27.In view of the foregoing, this court also notes that the resolution of Maungu Plots Complaints Committee dated 16th November 2009 comprising of Elders from the said jurisdiction which was adduced in evidence was a form of alternative dispute resolution mechanism.
28.Under Article 159 (2) (c) of the Constitution, this Court is required to recognise and promote Alternative Justice System and the traditional dispute resolutions mechanism fall under the Alternative Justice System. Under Section 20 of the Environment and Land Court Act, the Court on its own motion can adopt and implement the alternative dispute resolution which includes the traditional dispute resolution mechanisms. See the cases of; Kitur & another (Suing on behalf of the Estate of Stephen Kitur) v Kitur & another (Environment & Land Case 68 of 2021) [2023] KEELC 78 (KLR) (19 January 2023) (Judgment) and Kinyanjui & 97 others v Trustees (Environment & Land Case 263 of 2012) [2023] KEELC 15966 (KLR) (1 March 2023) (Ruling).

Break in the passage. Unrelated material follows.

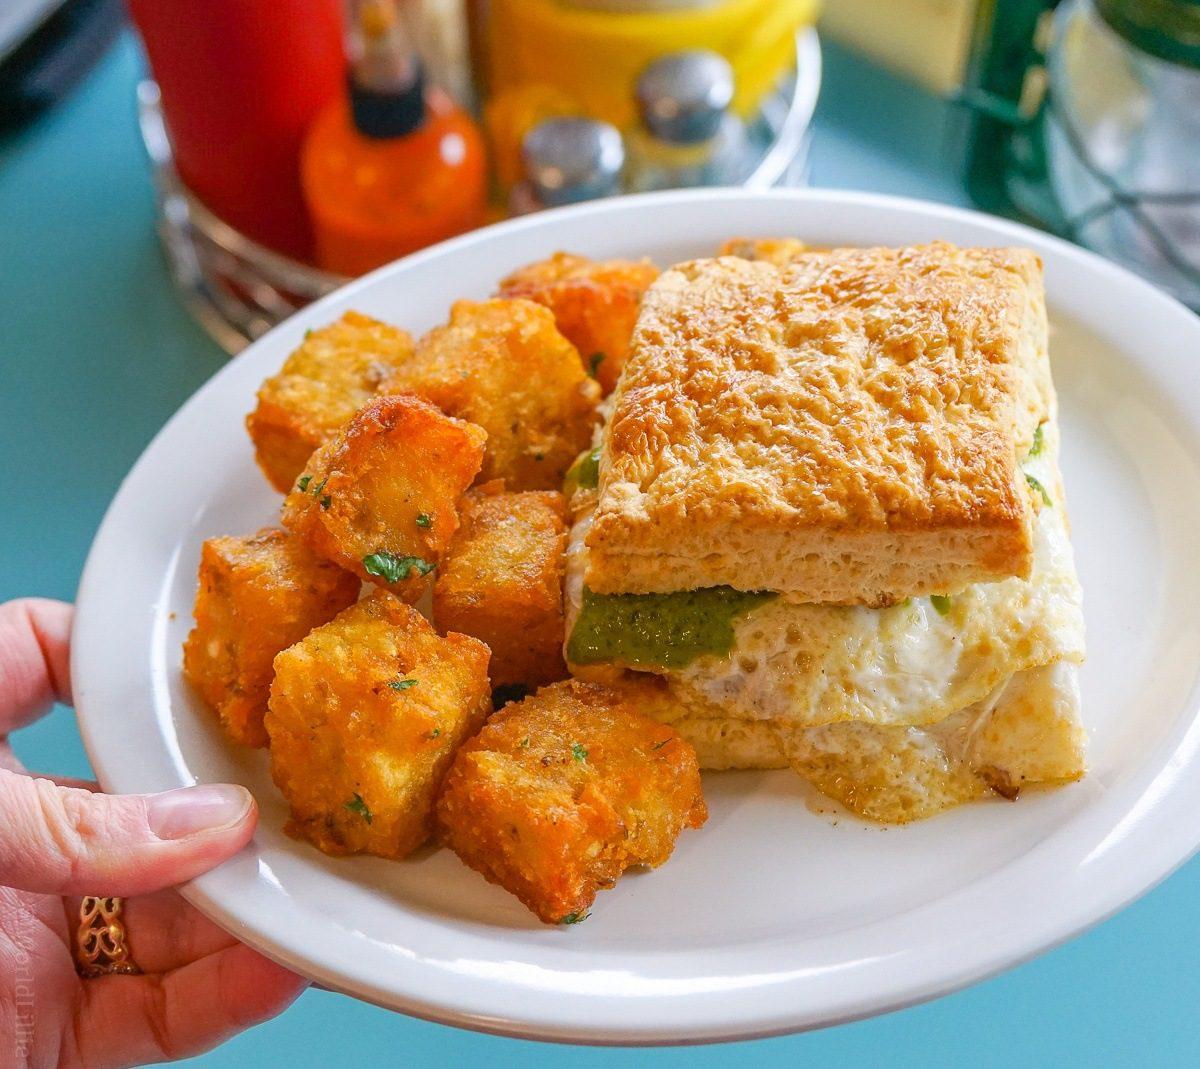 Portland Maine restaurants: Dutch's hash browns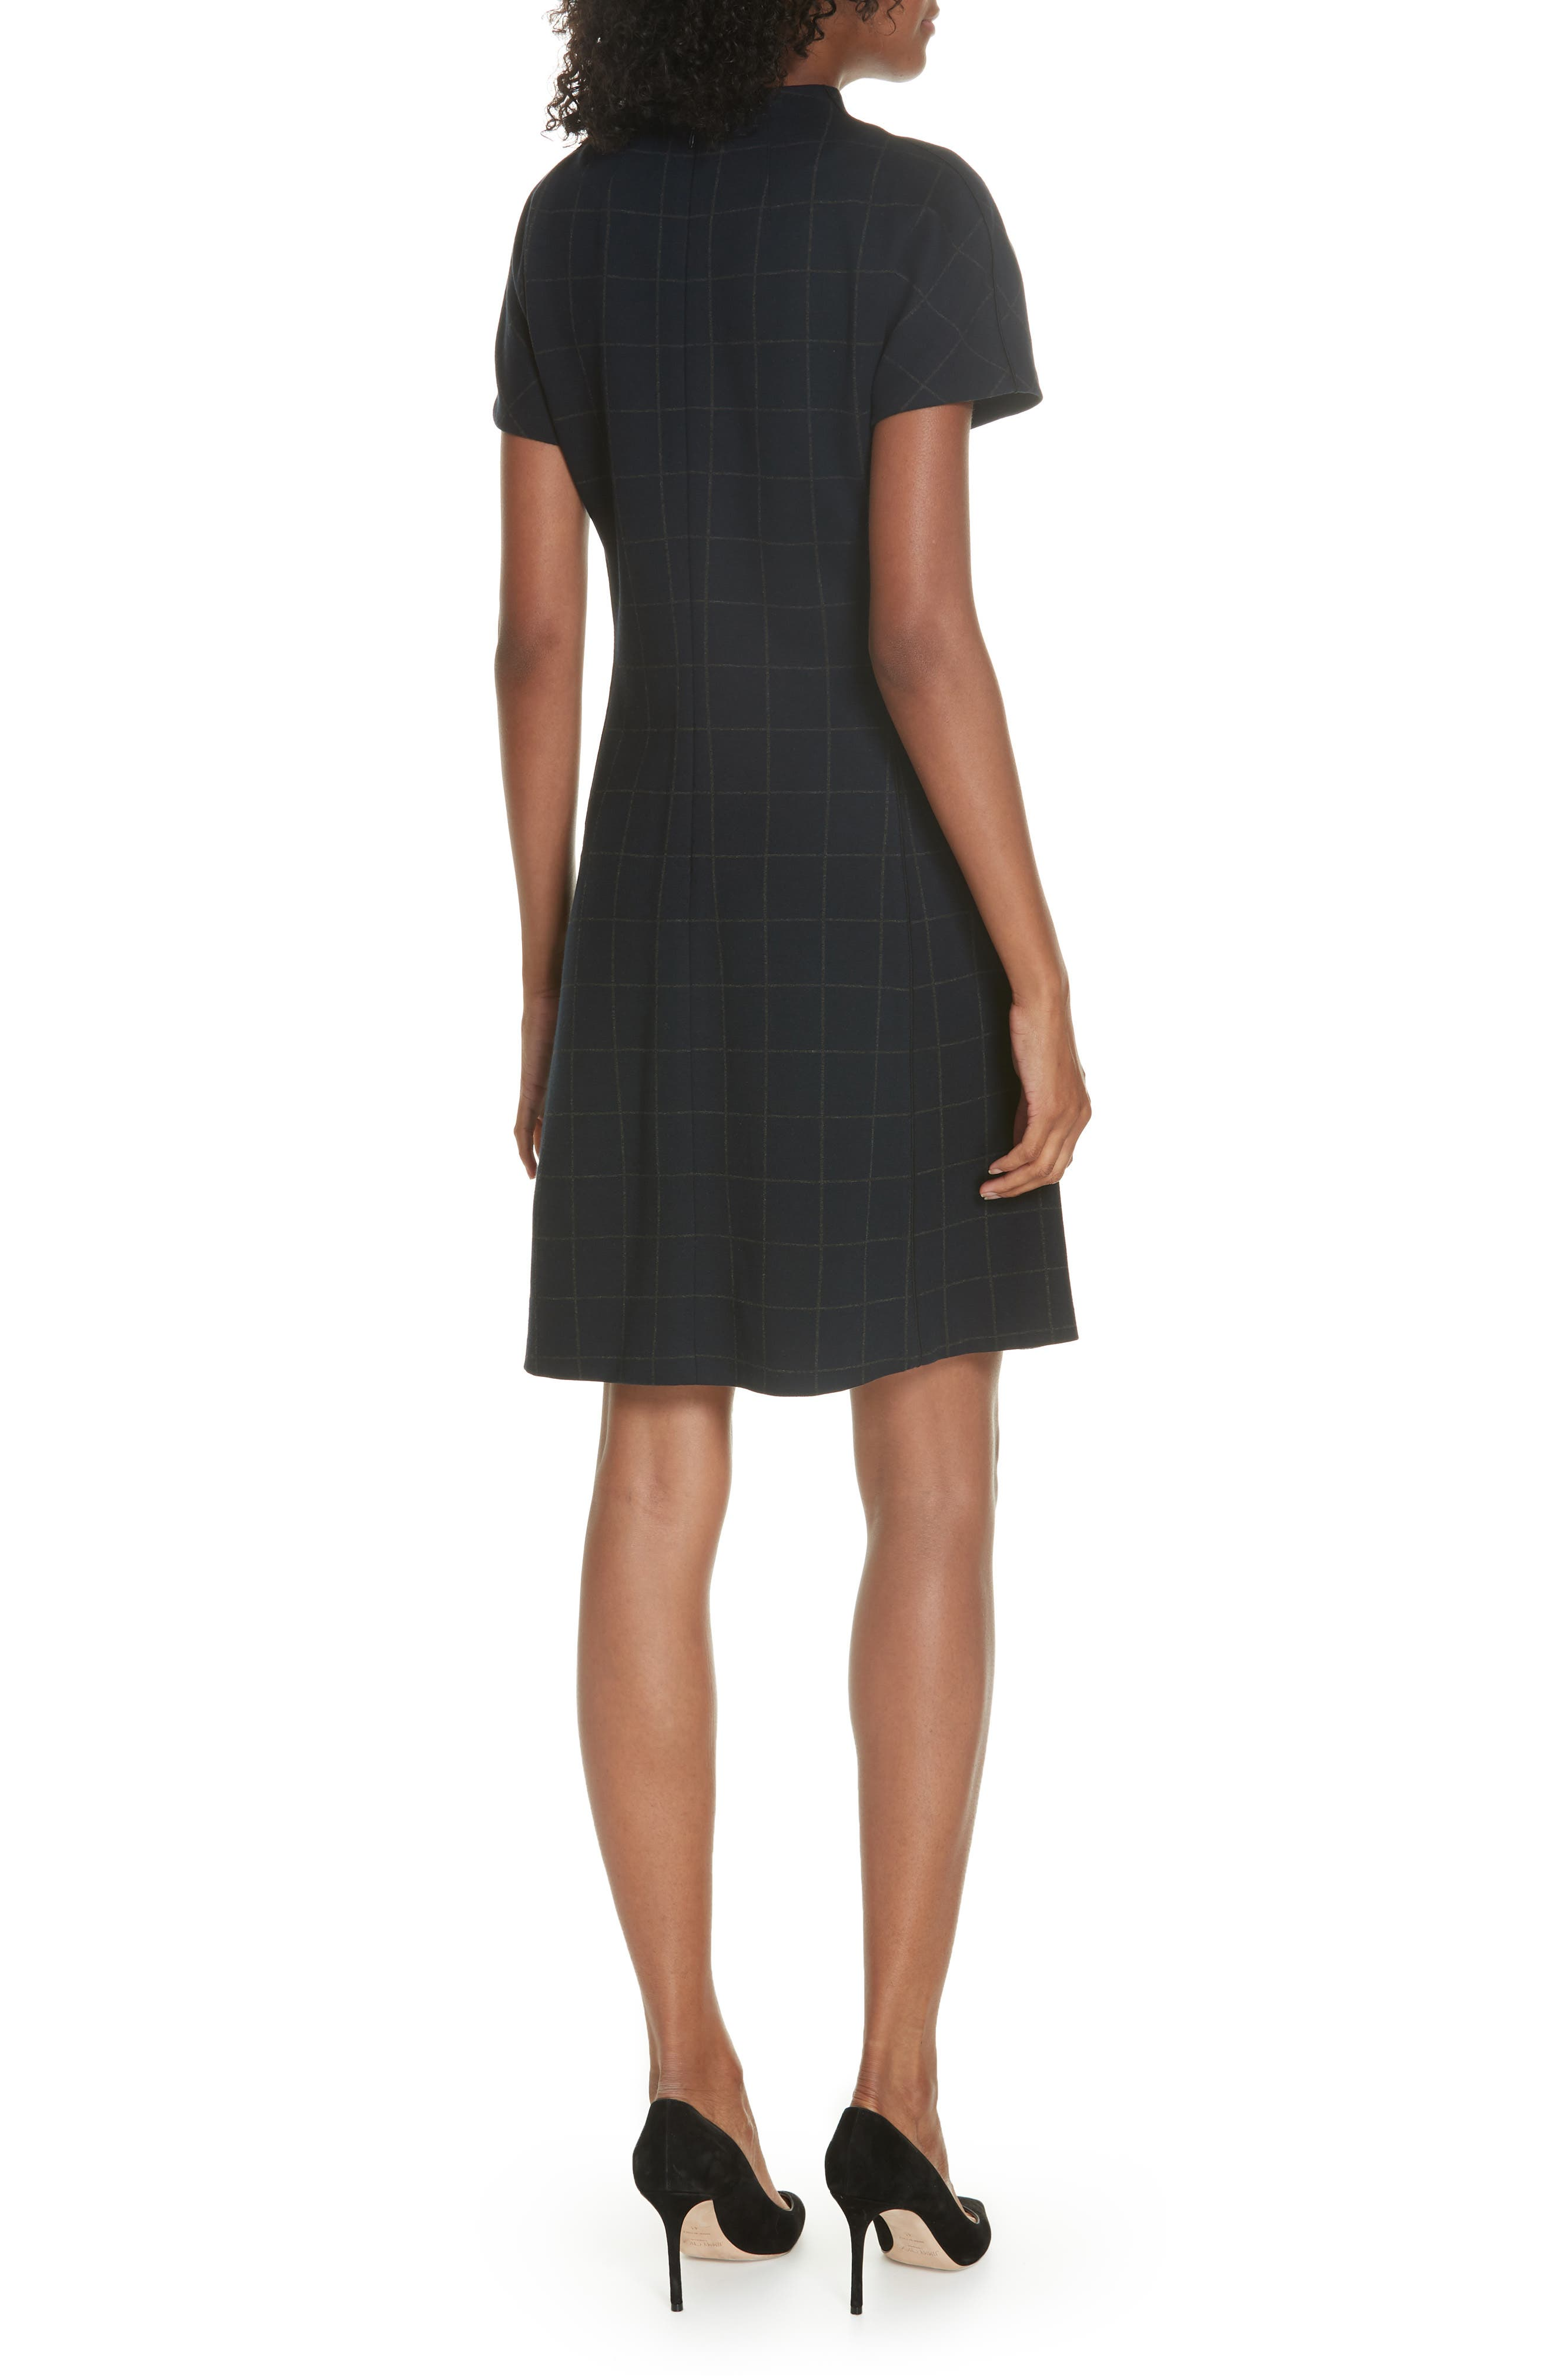 Windowpane Knit A-Line Dress,                             Alternate thumbnail 2, color,                             DEEP NAVY/ CHARCOAL MELANGE

29.The court has also noted that part of the said resolution constituted some of the orders granted by the trial court after hearing the disputes between the parties.
30.The Appellants in their submissions argued that this court should allow the appeal on the basis that the Respondents did not identify the plot number in their pleadings before the lower court and further that they did not plead when the cause of action arose. The court has considered the said line of argument and rejects the same on the basis that the same did not affect the outcome of the decision rendered by the trial court since all the parties were outrightly clear as to what was the property in dispute herein and further the said issue was never raised in the Appellants pleadings before the trial court. This is a court of law and a court of justice and hence it cannot be swayed by the said argument.
31.From the totality of record, it is the finding of this Court that there was sufficient evidence before the trial court that the Respondents had proved their case to the required standard and were entitled to the orders that were sought. The trial court cannot be faulted for its decision and this court cannot interfere with the same.
32.For those reasons, it is the finding of this court that the appeal is devoid of merit and the same is dismissed with costs to the Respondents.
DATED, SIGNED AND DELIVERED VIRTUALLY AT VOI THIS 26TH DAY OF SEPTEMBER, 2024.E. K. WABWOTOJUDGEIn the presence of:-Mr. Okanga for Appellants.Mr. Mwazighe for Respondents.Court Assistants: Mary Ngoira and Norah Chao.